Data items

※

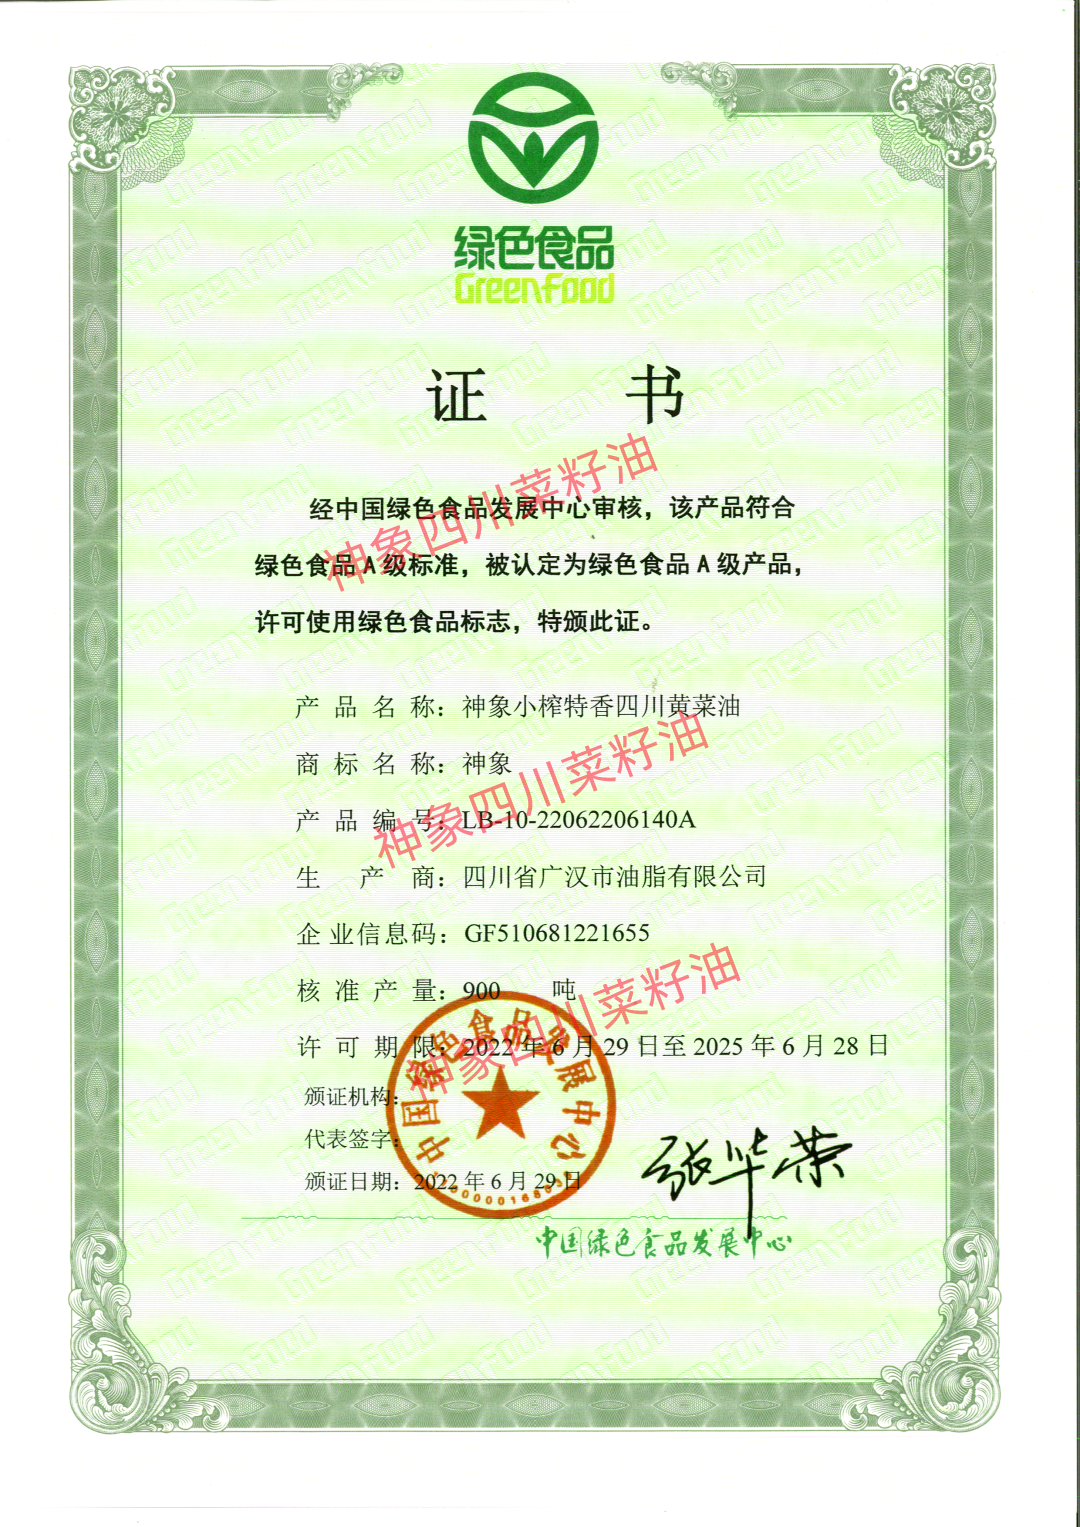 恭賀四川省廣漢市油脂有限公司榮獲“綠色食品證書”
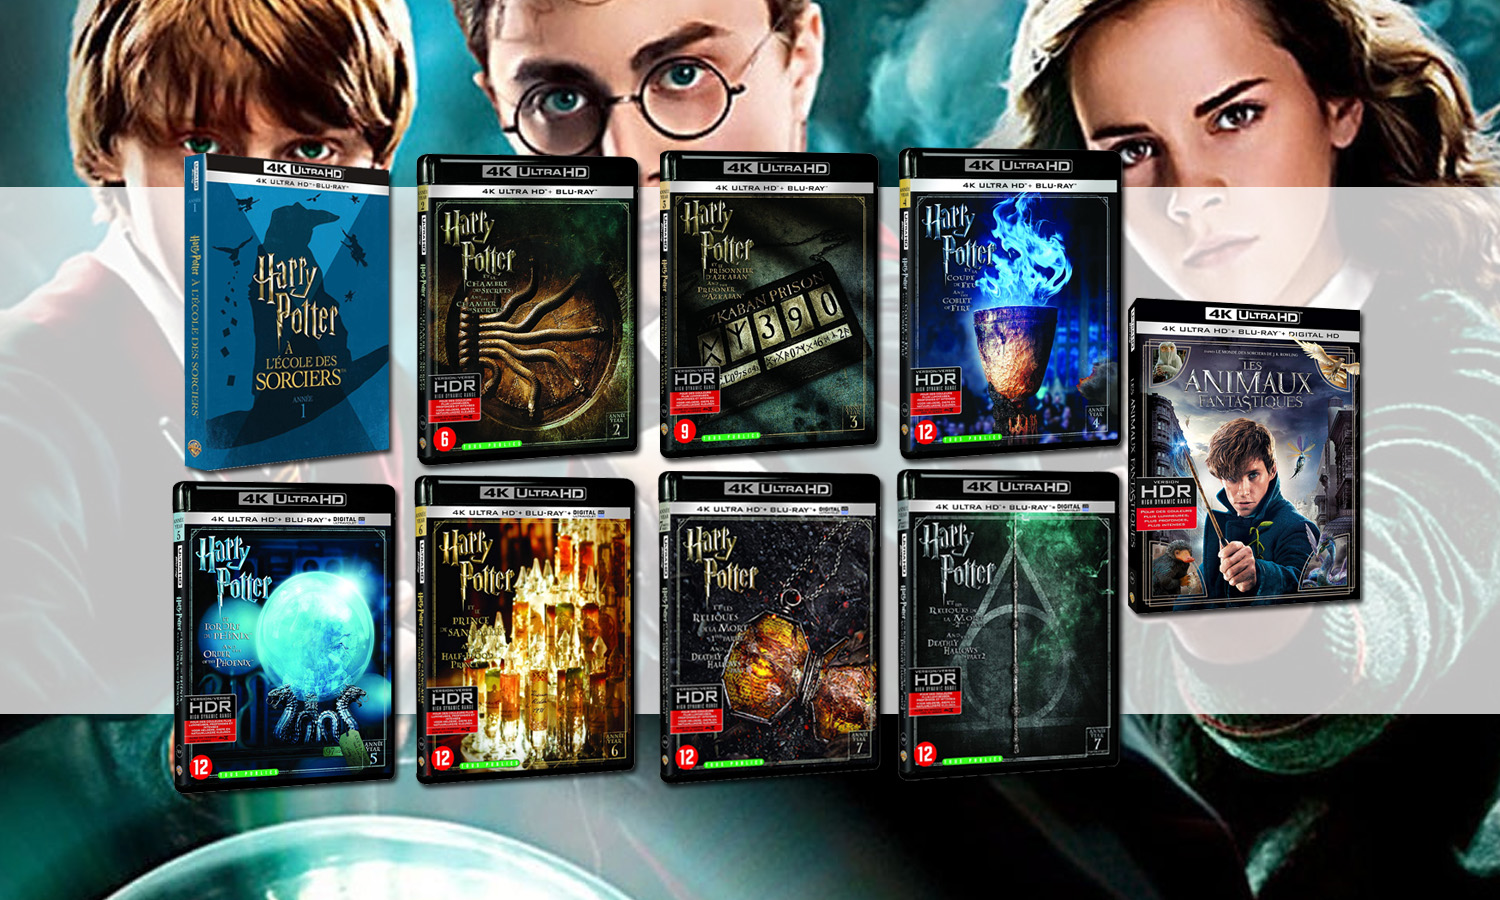 Harry Potter Blu Ray 4K pas cher : les offres
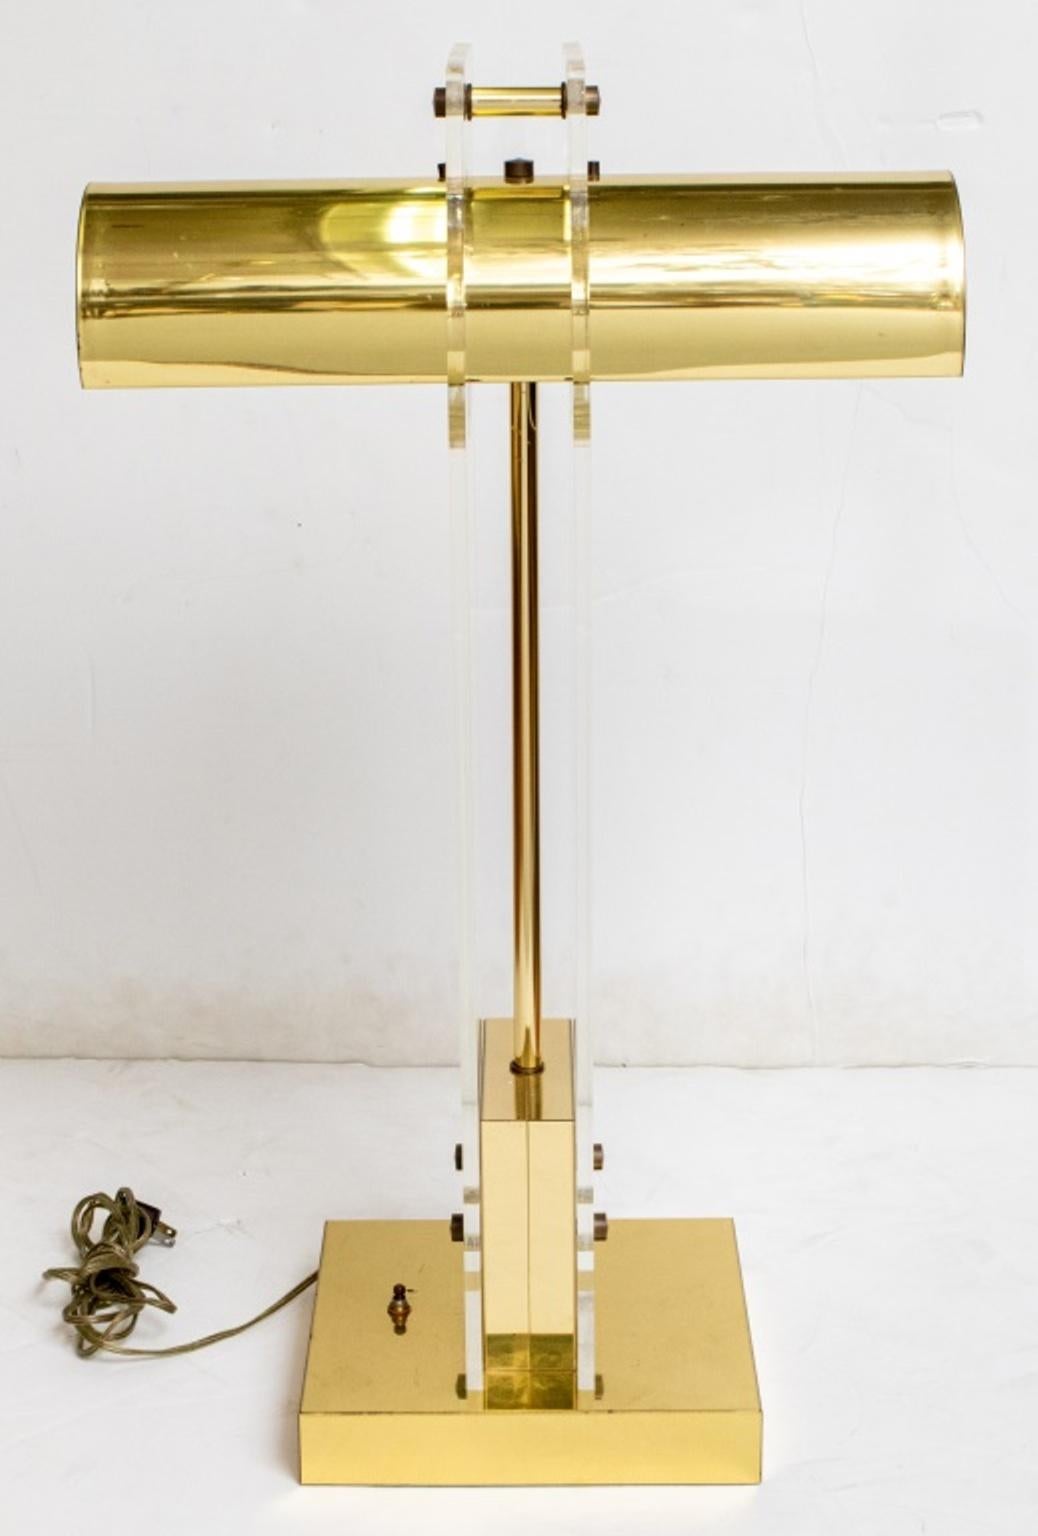 Lampe de bureau ou de table en métal doré et lucite, de style moderne du milieu du siècle, avec deux douilles pour ampoules.

Dimensions : 30,5
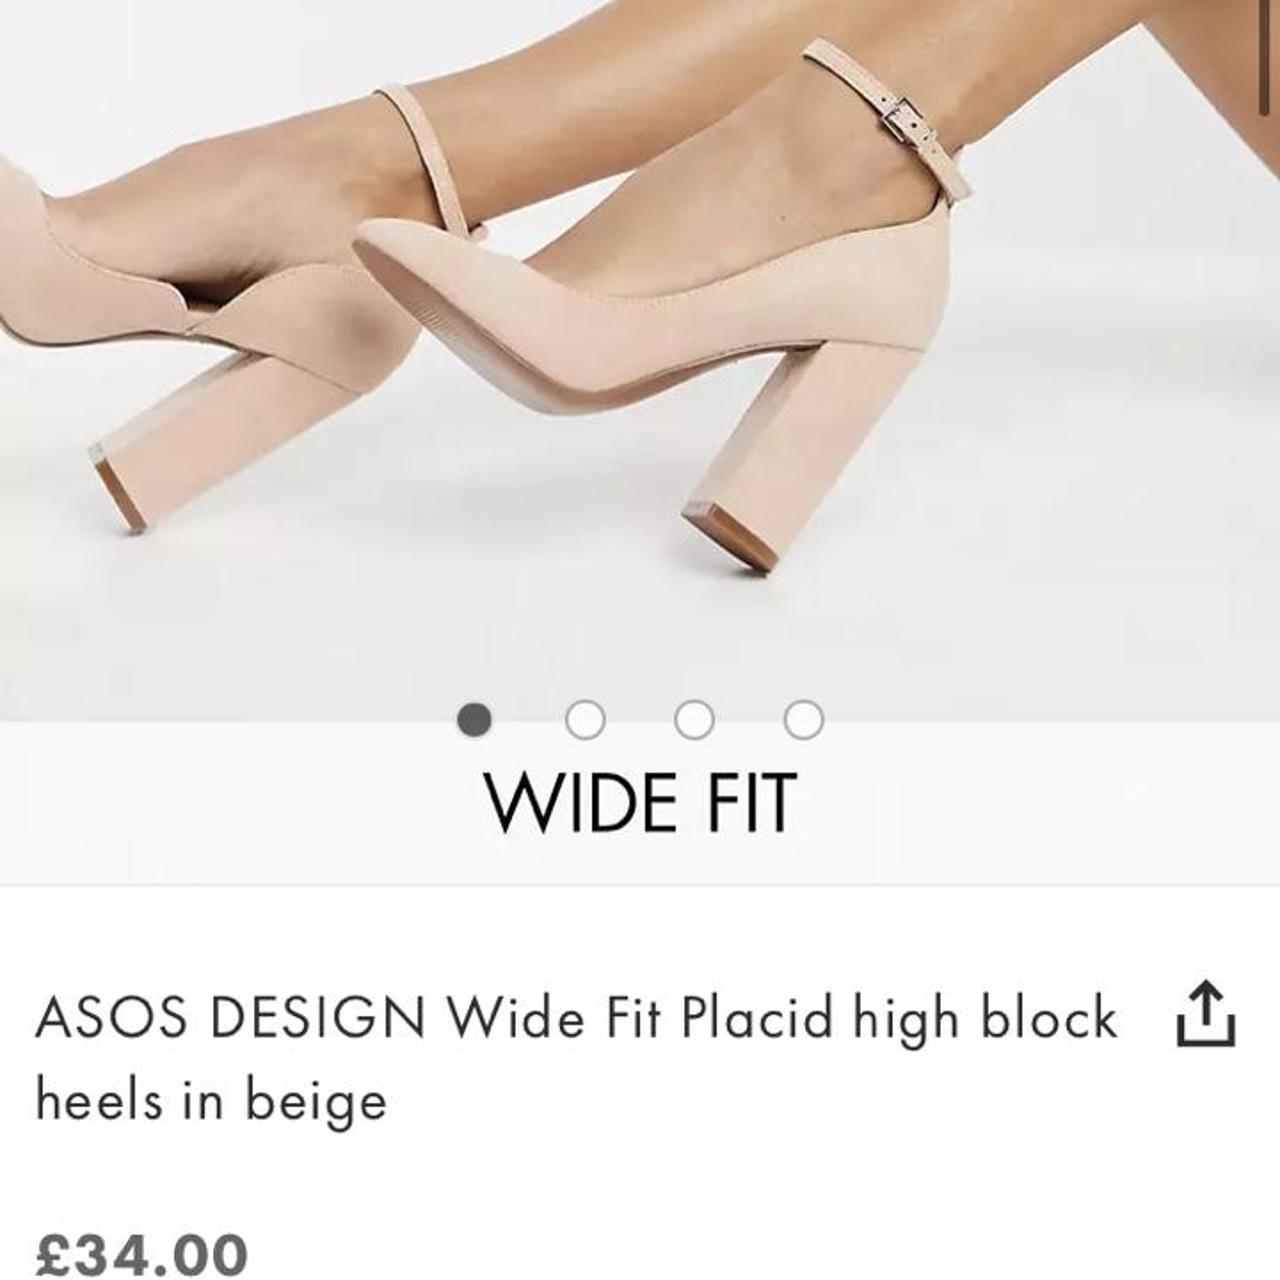 ASOS DESIGN Wide Fit Placid high block heels in beige
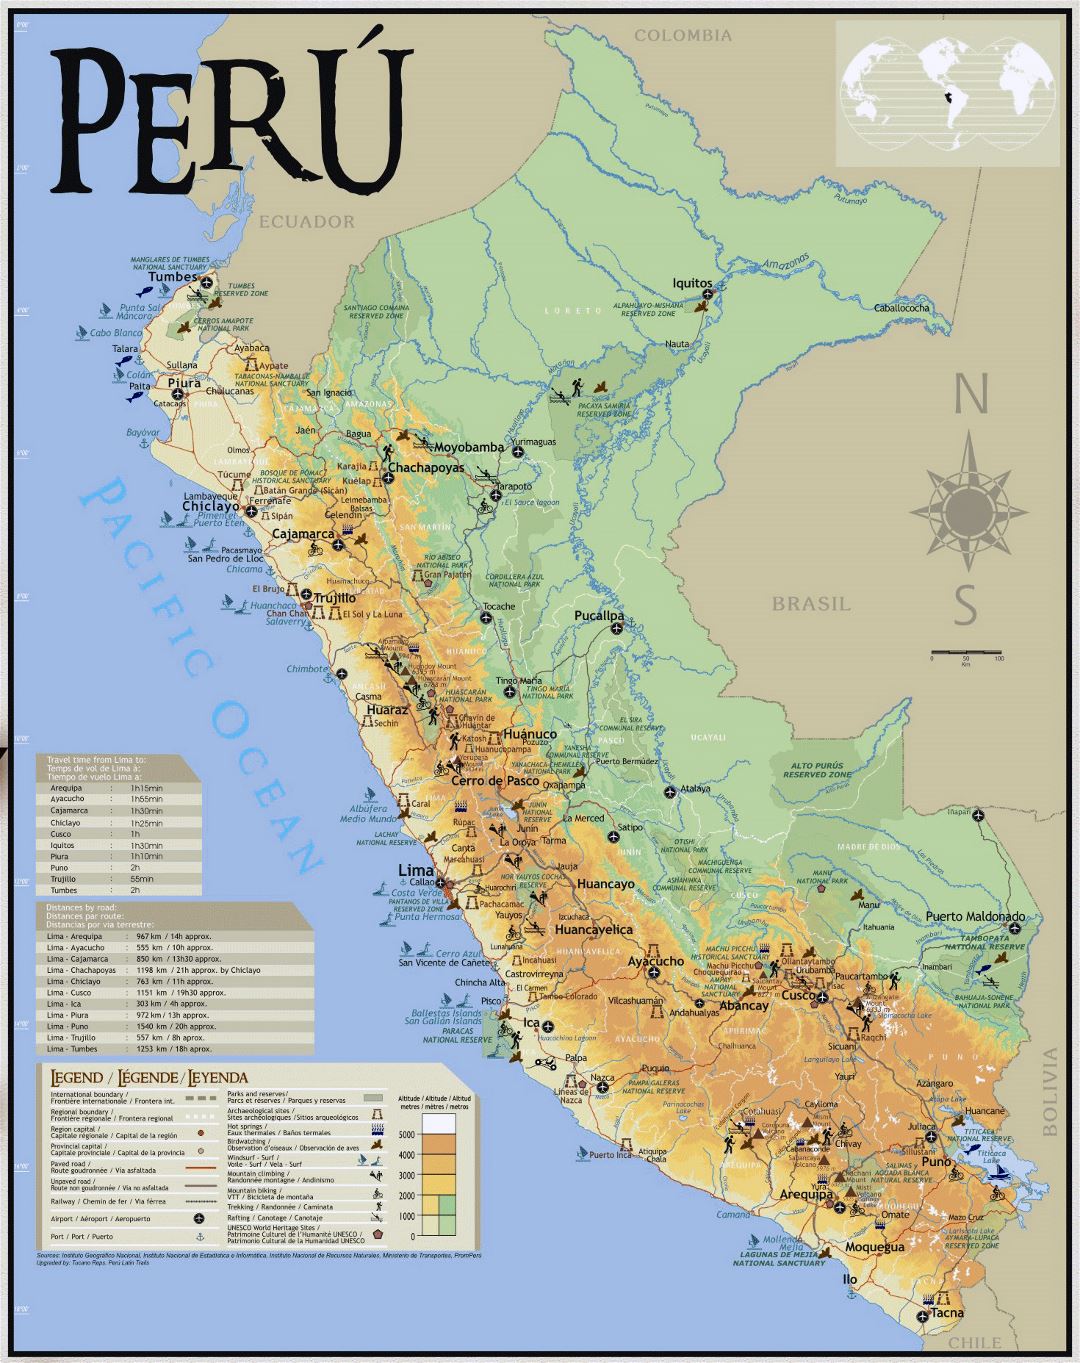 Large tourist map of Peru

※

Work instructions: Output each line exactly as shown above; no pictures go in the copy.

Solution below:
 恭賀四川省廣漢市油脂有限公司榮獲“綠色食品證書”
 Harry Potter Blu Ray 4K pas cher : les offres
 Lampe de bureau ou de table en métal doré et lucite, de style moderne du milieu du siècle, avec deux douilles pour ampoules.

Dimensions : 30,5
 ASOS DESIGN Wide Fit Placid high block heels in beige
 Large tourist map of Peru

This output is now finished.